GPT-Usenet-2
An 81-million parameter LLM using GPT-2 encodings. Trained using 10GB of USENET posts along with over 1 GB of miscellaneous BBS posts, digitized books, and text documents. Supervised fine-tuning should be performed before use.
Purpose of GPT-Usenet-2
LLMs are all currently focused on becoming larger and larger, able to do more and more. However, this just makes them jack of all trades, master of none. GPT-Usenet takes a different approach.

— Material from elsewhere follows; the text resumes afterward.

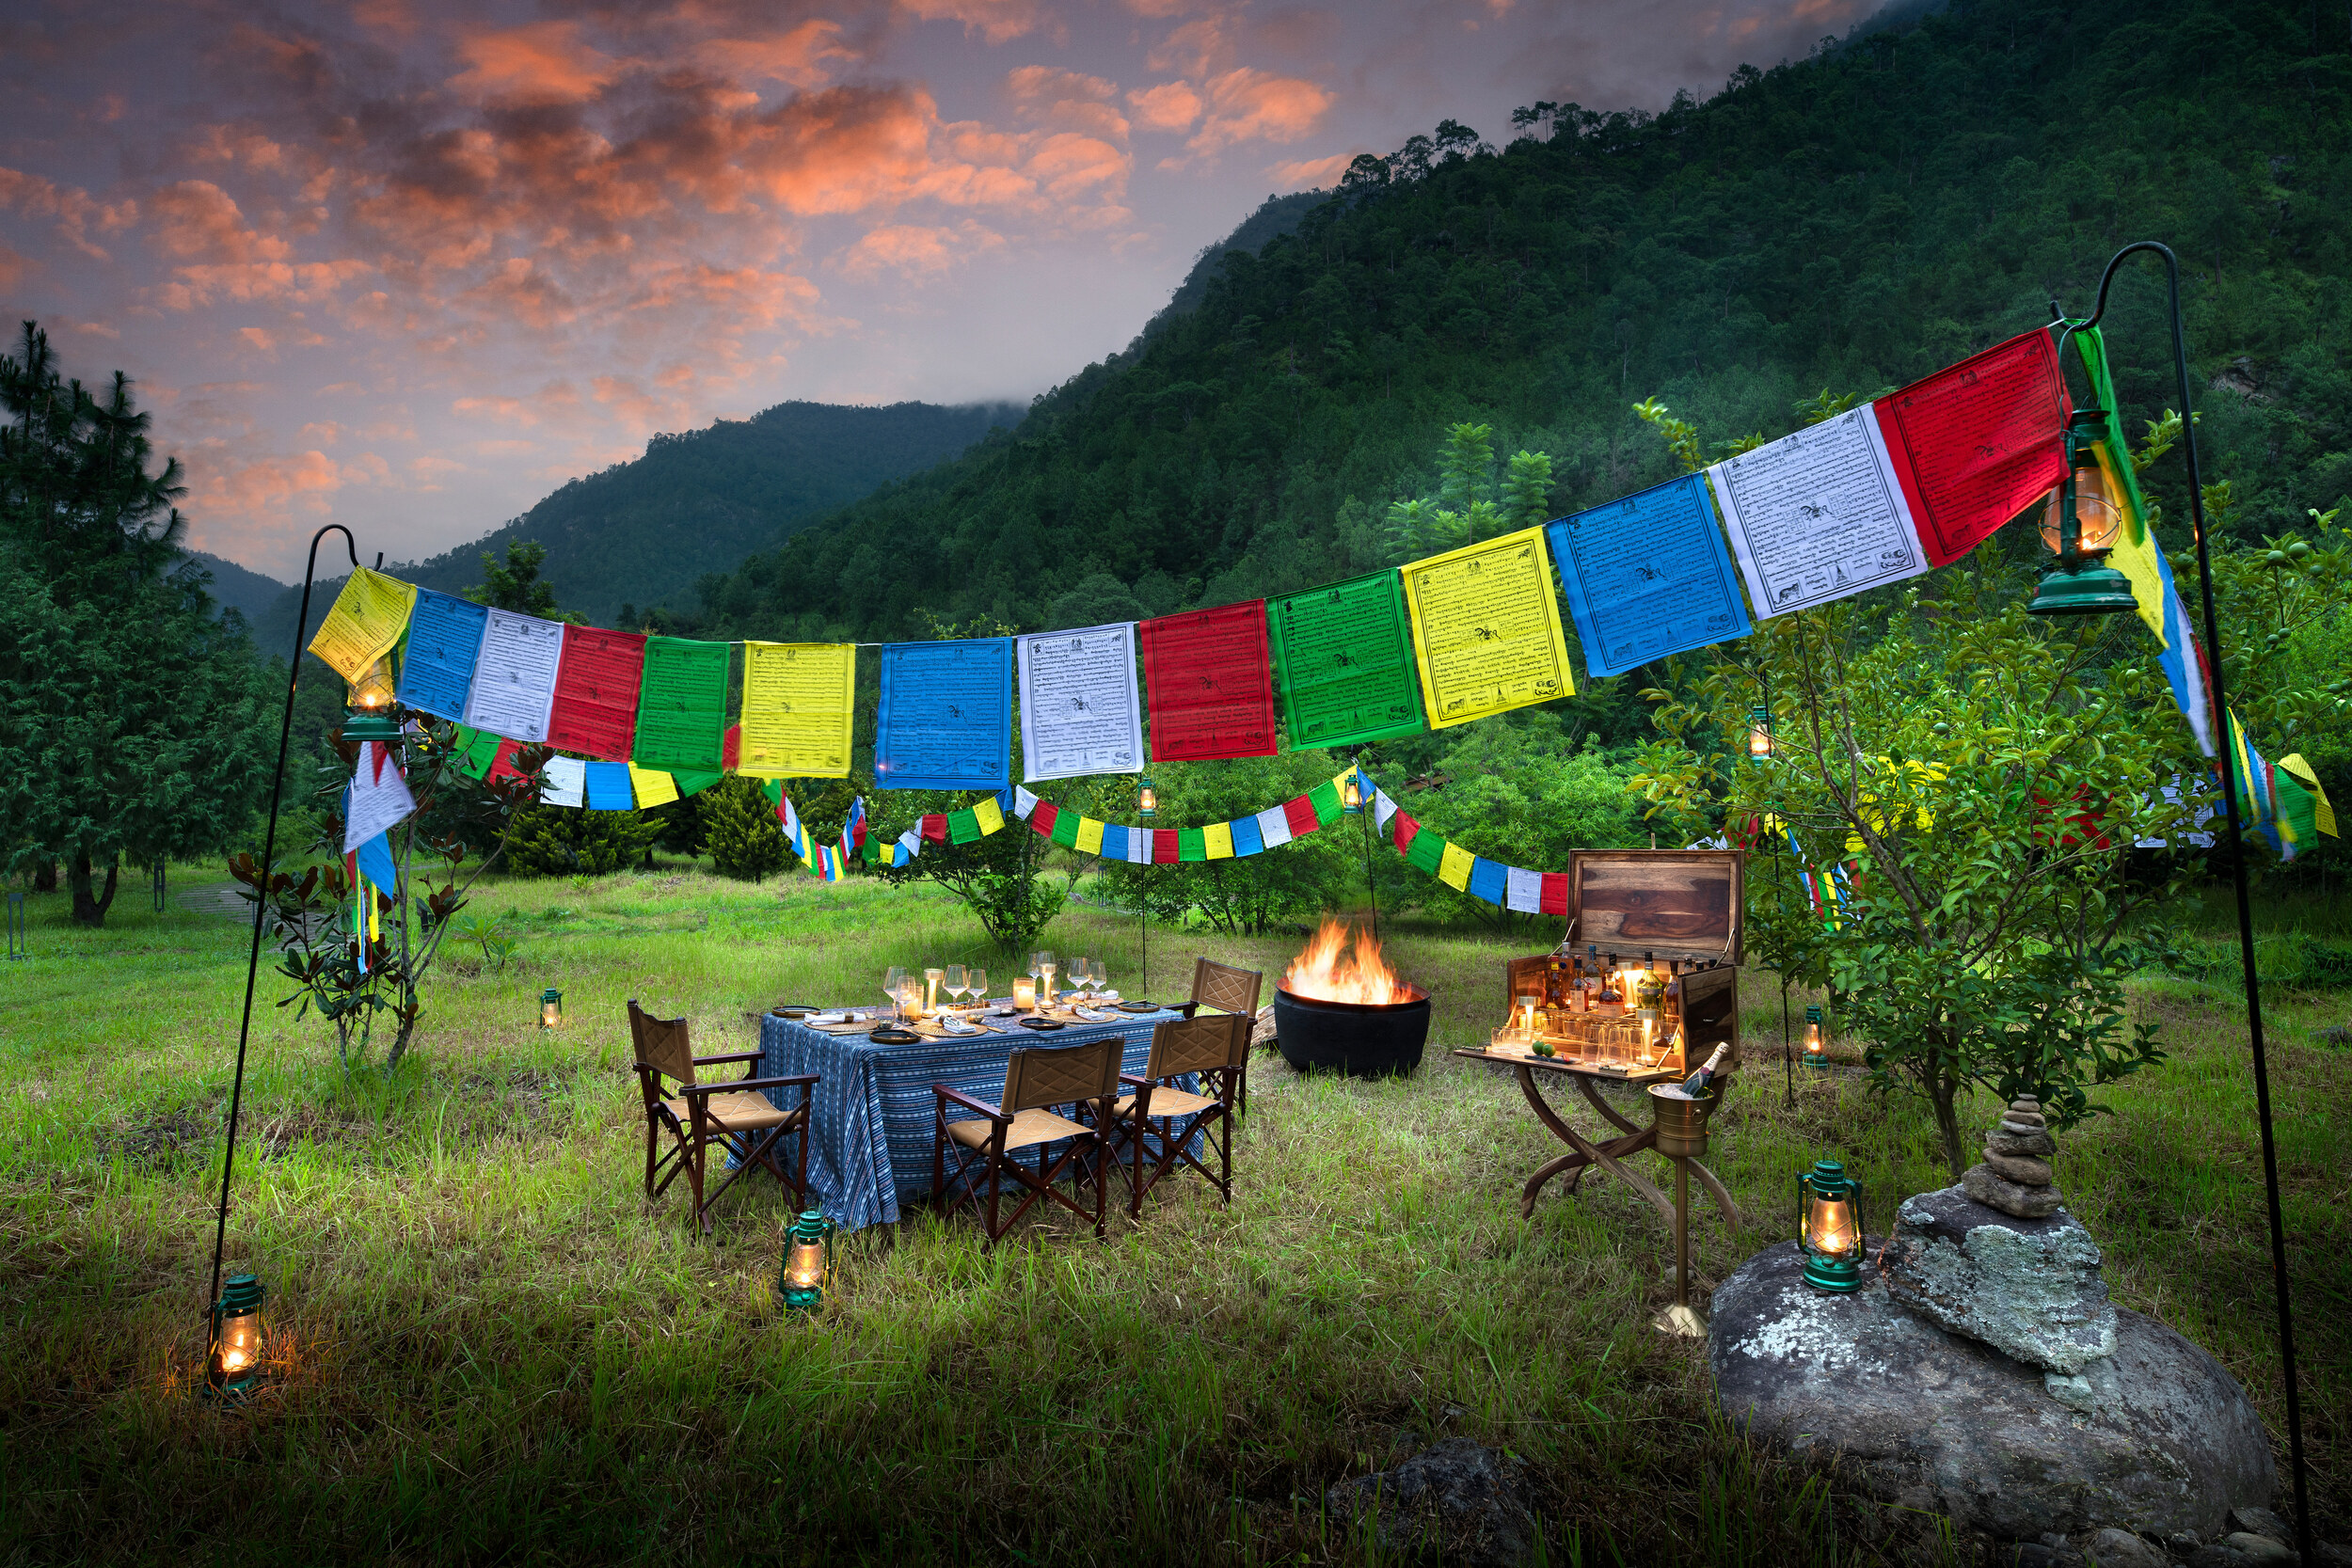 戶外營火晚餐特別佈置有為遊客祈福的藏傳佛教五彩風馬旗。

Instead of trying to do everything perfectly, GPT-Usenet offers a digital stem cell, which can then be finetuned into a single, specialized role and run in parallel with copies of itself.
Technical Information
| Layers | 10 |
| Heads | 10 |
| Embeddings | 640 |
| Context Window | 1024 tokens |
| Tokenizer | GPT-2 BPE |
Training Information
| Training Loss | around 2.0254 |
| Validation Loss | around 1.9795 |
| Device | Google Colab L4, Google Colab A100 |
| Training Time | 16 Hours |
Example Syntax
| From: | The username who sent this message |
| Sender: | The group that username belongs to |
| Newsgroups: | The broad subject field of the email. |
| Subject: | The subject of the message. |
| Write the SFT response here. First, Prefix the first sentence with > to signify that it is a Reasoning sentence. | |
| -- | The stop tokens |
From:user
Sender:usergroup
Newsgroups:motorskills.papercraft
Subject:Paper airplanes
>Provide detailed steps on building a paper airplane.
Instructions: ...
--
For finetuning, your data should be in the .mbox format.